Task to carry out: Take the line that holds "한화시스템, KF-21의 눈 ‘AESA레이다’ 국내 비행 시험 착수" and every line after it to the end of the entries, and repeat them exactly without the pictures.

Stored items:
******************************

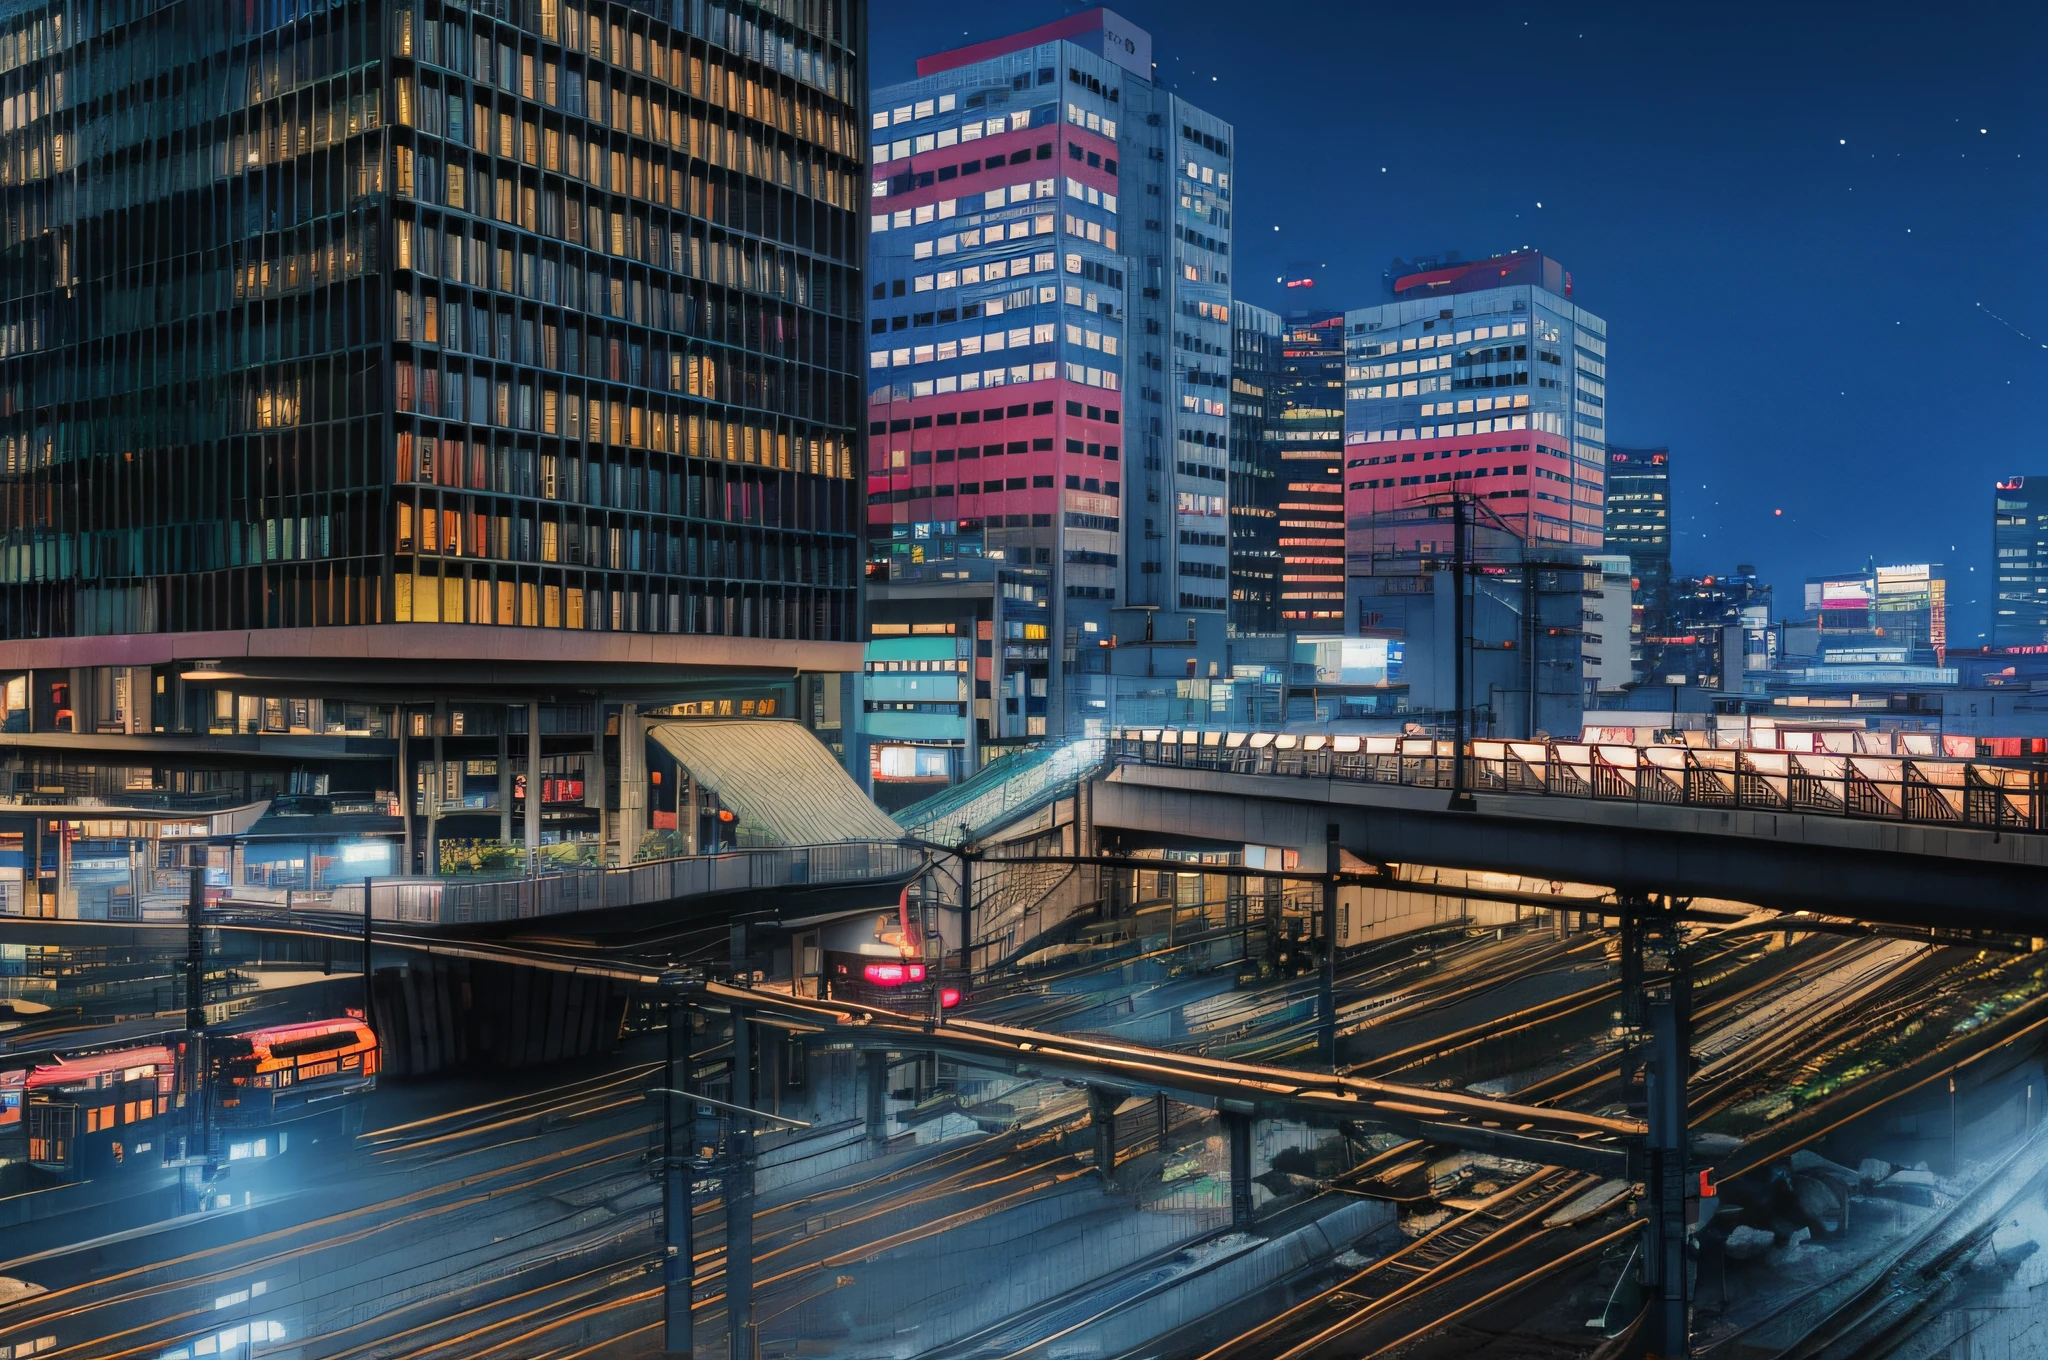 Vista noturna de uma estação de trem com uma ponte e um trem, Noite Tóquio metrópole, cidade japonesa à noite, in Tóquio à noite, centro japonês, Tóquio à noite, Tóquio futurista e limpa, paisagem urbana movimentada, tal, cercando a cidade, Tóquio moderna, estação de monotrilho, no futuro telhado noturno de Tóquio, Tóquio - cidade estilo, em Neotóquio
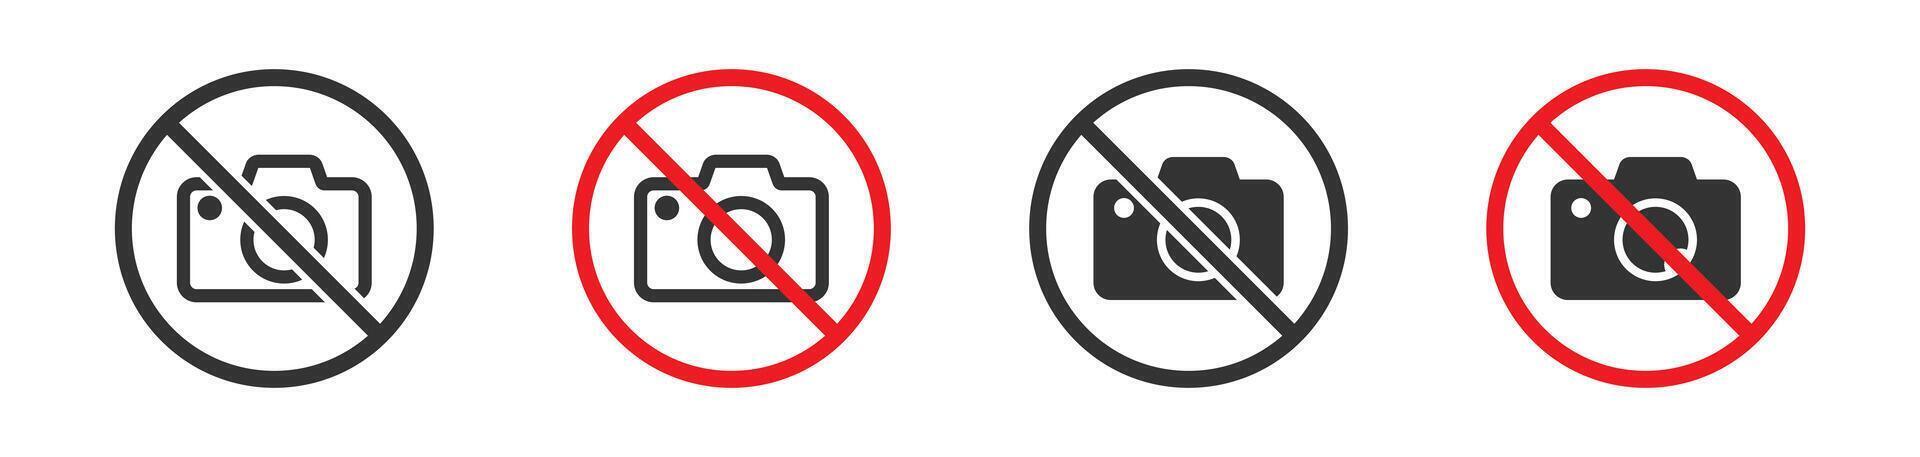 een foto verboden waarschuwing teken. Nee camera symbool. vector illustratie.
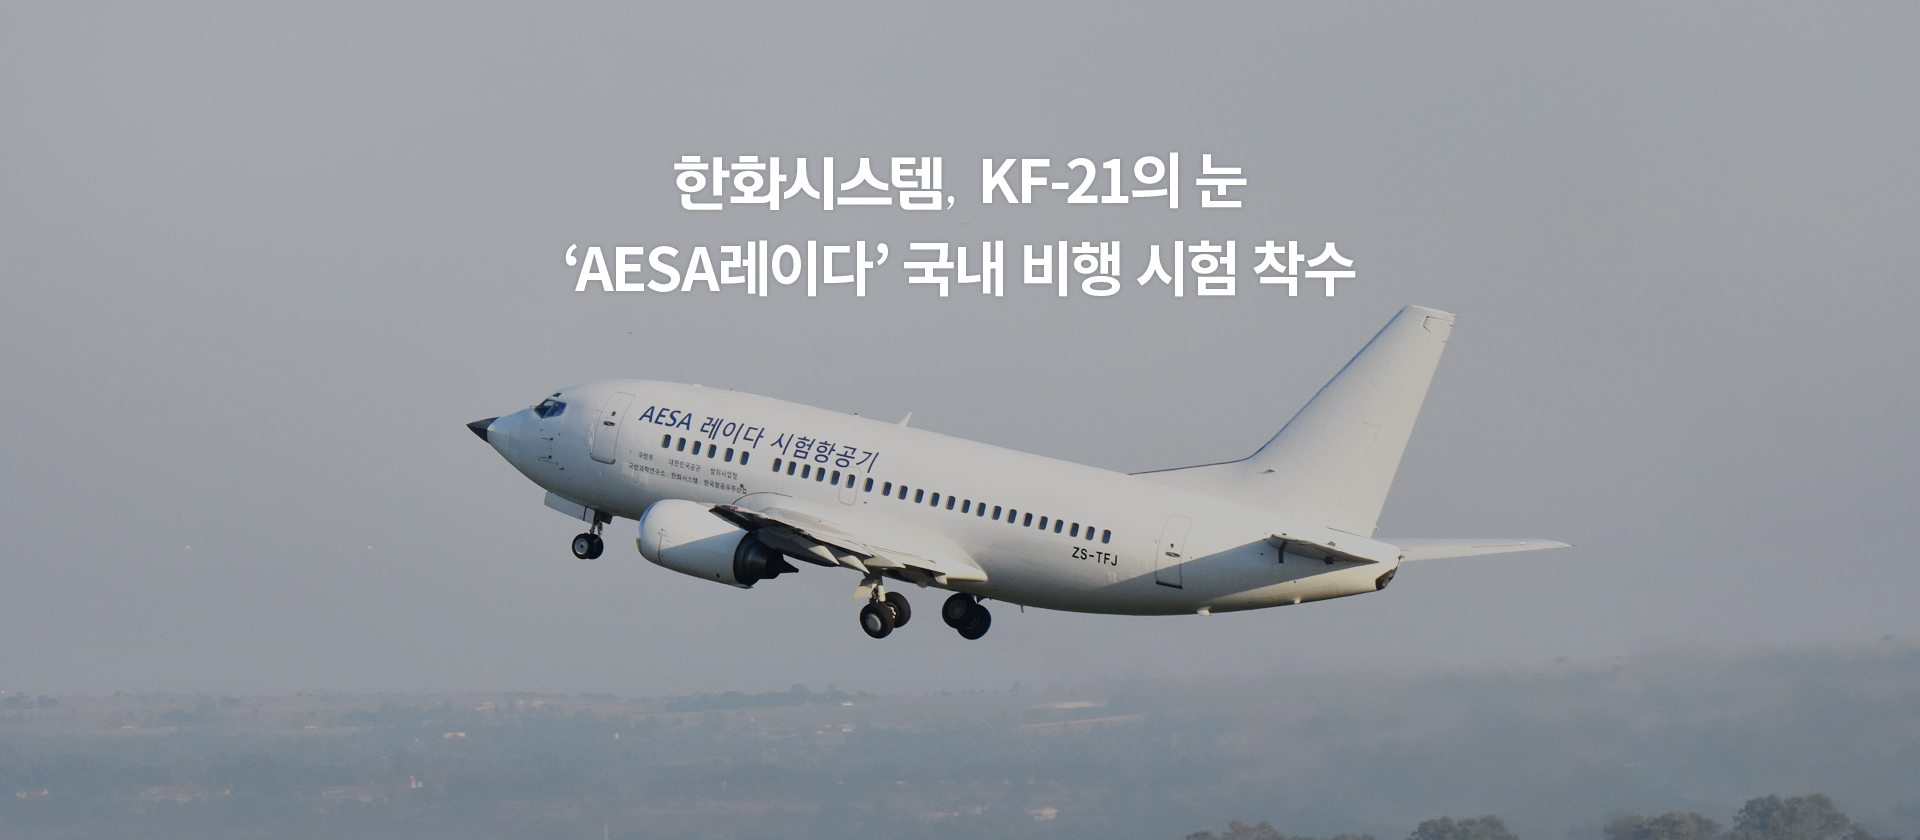 한화시스템, KF-21의 눈 ‘AESA레이다’ 국내 비행 시험 착수
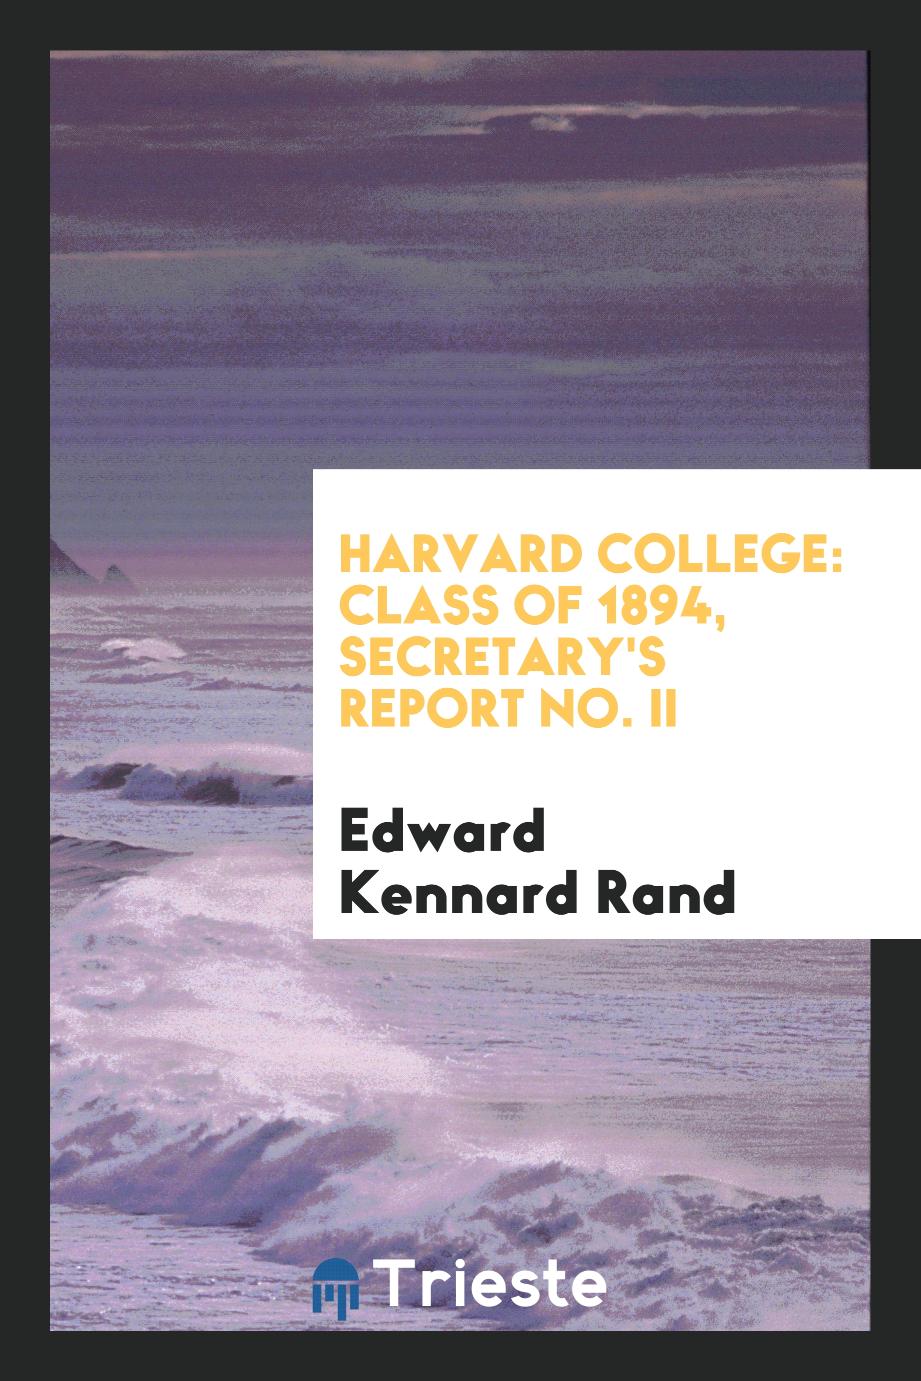 Harvard College: Class of 1894, Secretary's Report No. II
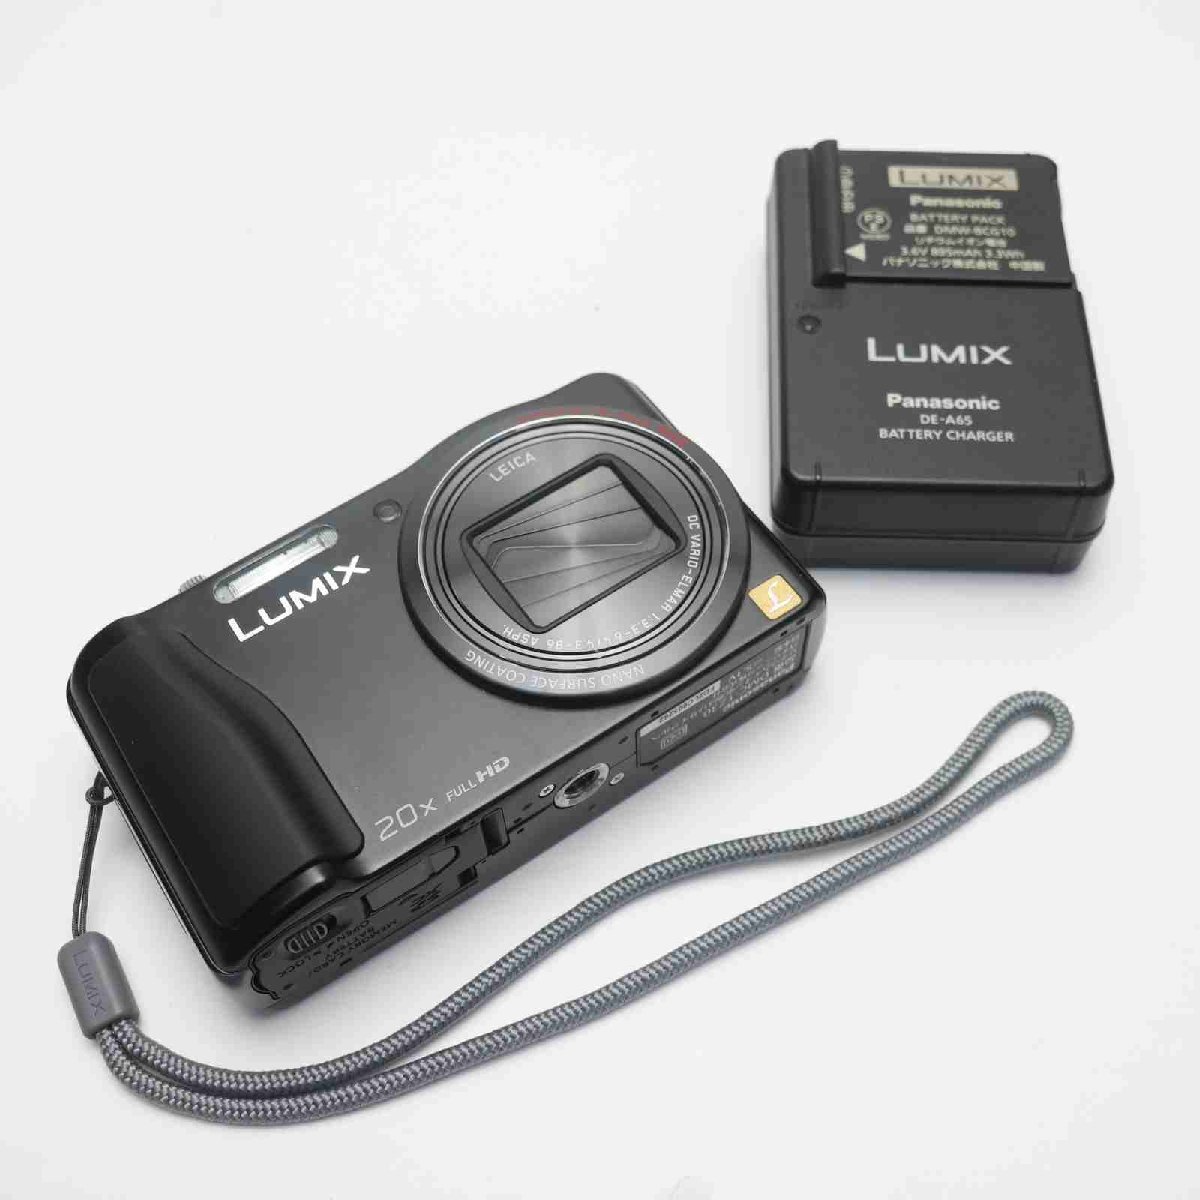 新品同様 DMC-TZ30 ブラック 即日発送 デジカメ Panasonic デジタルカメラ 本体 あすつく 土日祝発送OK

******************************

Answer box:
 한화시스템, KF-21의 눈 ‘AESA레이다’ 국내 비행 시험 착수
 Harvard College: Class of 1894, Secretary's Report No. II
 新品同様 DMC-TZ30 ブラック 即日発送 デジカメ Panasonic デジタルカメラ 本体 あすつく 土日祝発送OK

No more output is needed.